Il secondo tempo inizia subito con l'adrenalina a mille, la prima occasione è dei viola con Ikoné che si mangia un gol, il pallone arriva direttamente tra le braccia di Rui Patricio che lo protegge con tutto il corpo.Poi è la volta della Roma che per ben due volte da calcio d'angolo, vede il pallone sfilare davanti alla porta e l'occasione per il raddoppio sfumare incredibilmente; ma è una Roma come già detto, molto concentrata che segue l'azione e non cede il fianco nemmeno al contropiede dei fiorentini, combatte ed è vigile sull'uomo, anche se il secondo gol sarebbe una certezza in più di portare a casa un risultato più che favorevole, palla per Mancini che sbatte su Terracciano proprio davanti alla porta e palla maledettamente sul fondo, anche Azmoun, dopo un fallo abbastanza duro è costretto ad uscire, al suo posto El Shaarawy. La Fiorentina spinge ed al 63' l'assist di Ikoné diventa un'occasione ghiotta per Bonaventura che colpisce in pieno la traversa approfittando della mischia creatasi in area giallorossa. Doppio giallo per Zalewski dopo un altro brutto fallo e la Roma resta in dieci, un'espulsione che suona come una sentenza perché alla ripresa Martinez Quarta su cross di Kouamé la incalza di testa alle spalle di Rui Patricio per l'1-1 che riaccende le speranze degli ospiti, rinfrancati dal pareggio e con ancora 20 minuti davanti per provare il sorpasso sui giallorossi.

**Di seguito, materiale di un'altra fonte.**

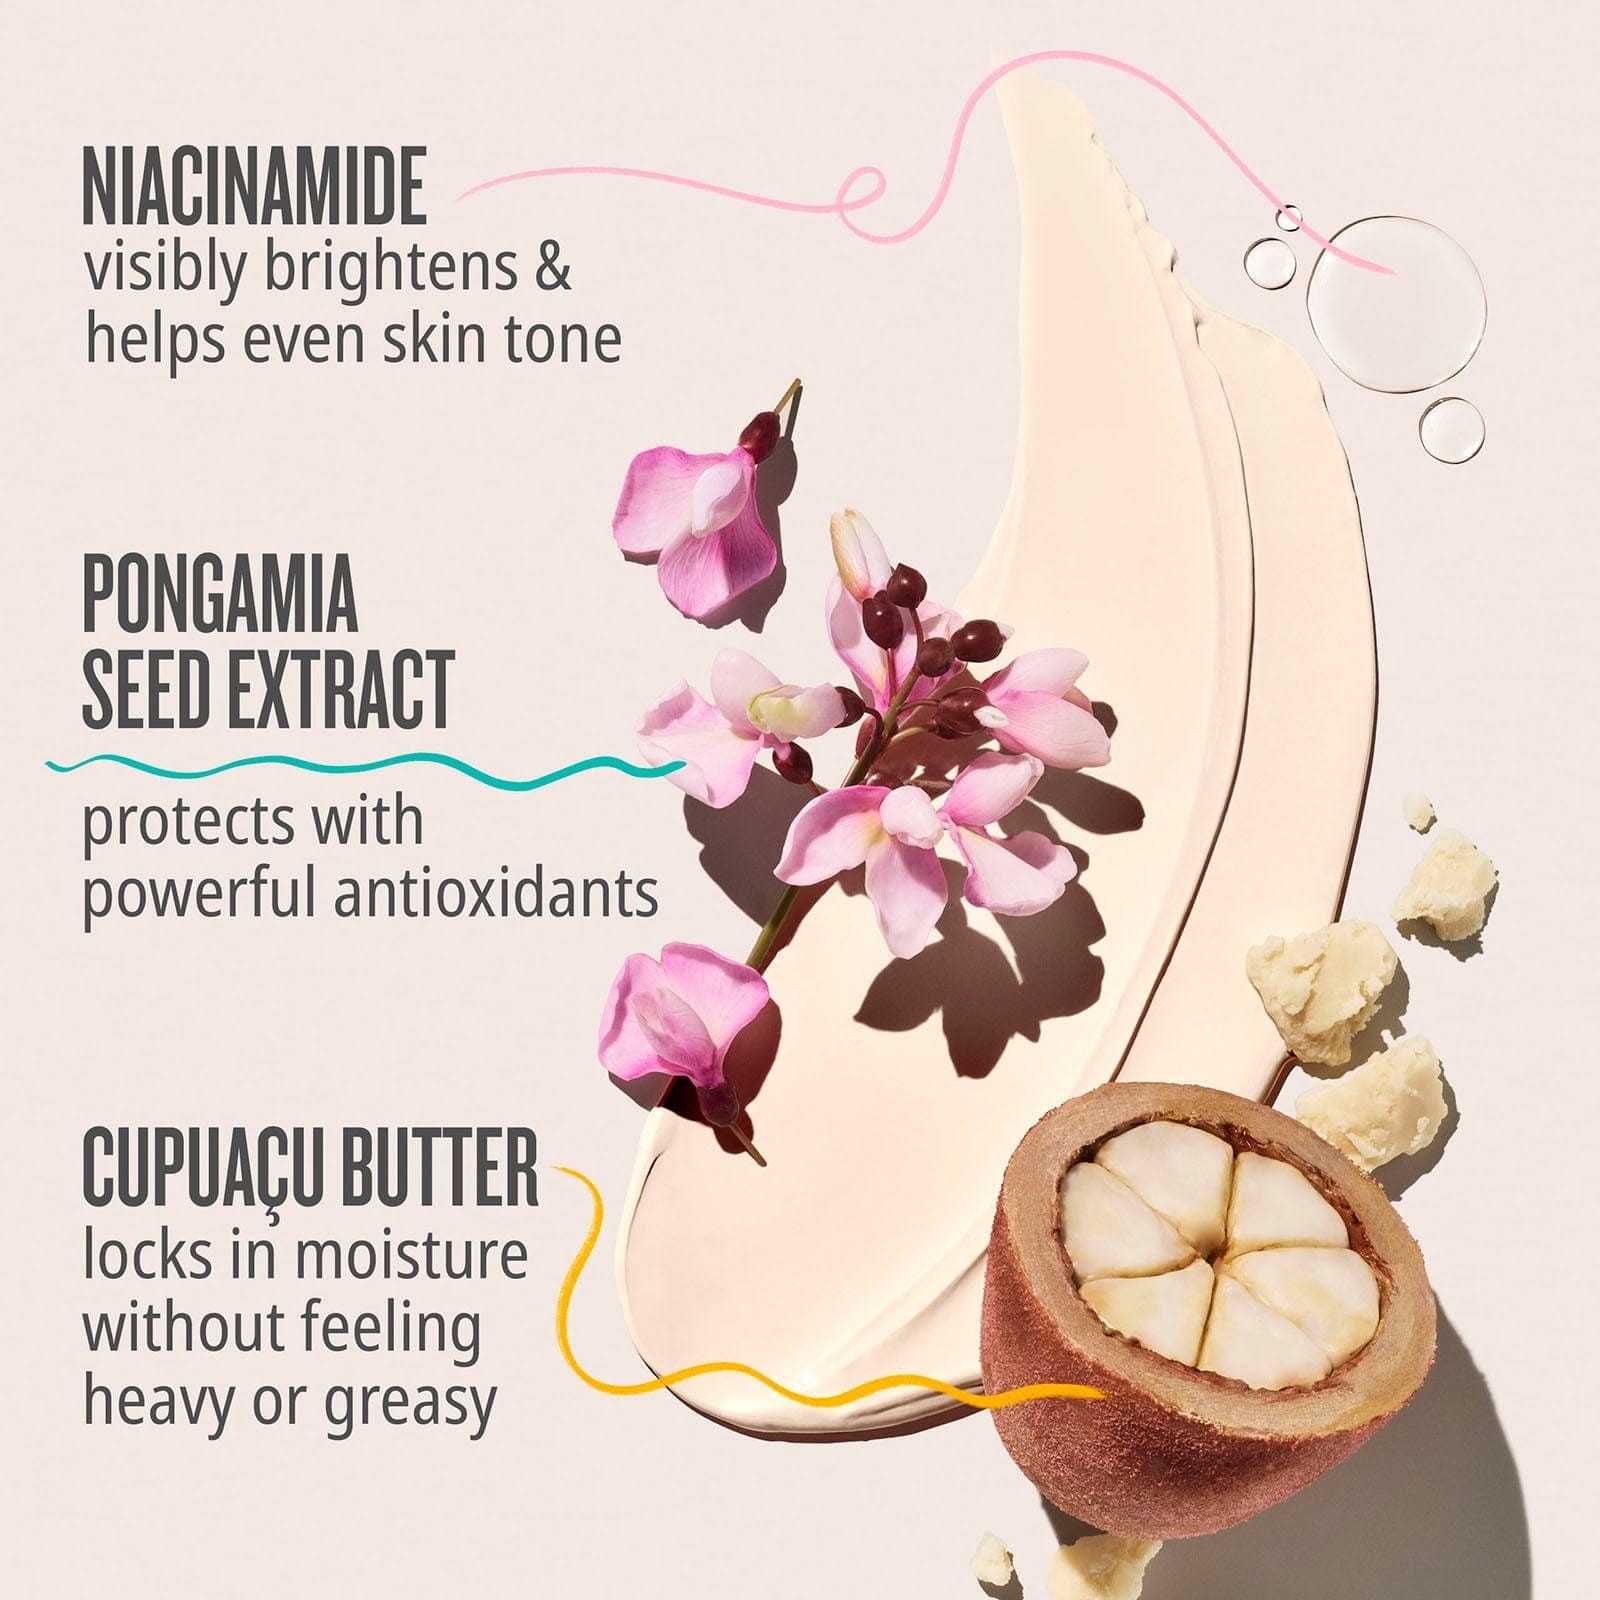 Niacinamide - visibly brightens &amp; helps even skin tone. Pongamia seed extract - protects with powerful antioxidants, cupuacu butter - locks in moisture without feeling heavy or greasy

Difatti i viola volano sulle fasce tra Biraghi e Bonaventura che guidano l'assedio alla metà campo giallorossa; si abbassa El Shaarawy, intanto nella Fiorentina dentro Gonzalez e fuori Ikoné, subito pericolosissimo l'argentino arrivato tre stagioni fa dallo Stoccarda, mischia in area, pallone alto e testa di Gonzalez che la manda in angolo. Momento difficile per la Roma che non riesce a ripartire e resta chiusa nella sua area subendo l'incursione degli avversari che godono di un momento favorevole con Nzola e Arthur particolarmente ispirati. A resistere ci provano Mancini e Ndika, scende anche Lukaku che prova a prendersi il pallone ma non riesce nella manovra, la Roma in dieci copre e tende a proteggere il risultato, ma questo adattamento non permette di creare azioni propedeutiche al gol, entra Sottil ed anche lui diventa una spina nel fianco, tanto che Paredes prende un giallo proprio nel tentativo di smorzarlo; ancora angolo per la viola, ancora Martinez Quarta di testa che si vede respingere un gol particolarmente fatto, dall'estremo difensore giallorosso. La Roma deve giocarsi bene le sue carte e cercare di mantenere la calma, con Paredes e Cristante ammoniti e Mancini diffidato gli animi dovrebbero rimanere più cauti. Entra Bove ed esce Pellegrini. Lukaku all'87' si lancia in un takle particolarmente scomposto su Kouamé falciato dalla foga dell'intervento, l'arbitro non ha dubbi, rosso diretto ed espulsione immediata del giocatore belga. Roma in nove, ed i 7' di recupero non giocano a favore della squadra di casa che si trova costretta a fare gli straordinari con gli avversari che ovviamente vorrebbero approfittare della superiorità numerica, come il tiro da fuori di Duncan che fortunatamente vola alto sopra la traversa. Un secondo tempo al cardiopalma, altro giallo a Llorente per un fallo sulla ripresa dell'azione di gioco. Ma non c'è più tempo, la Roma chiude in pareggio un match che avrebbe potuto chiudere già nel primo tempo, la Fiorentina non ci crede fino in fondo e il punto a testa non soddisfa nessuno. La prossima di campionato contro il Bologna diventa uno scontro diretto per la classifica e la situazione espulsi in campionato diventa ancora più critica che sommata agli infortuni. Un finale di stagione sempre in salita e giovedì si torna in campo per la Coppa.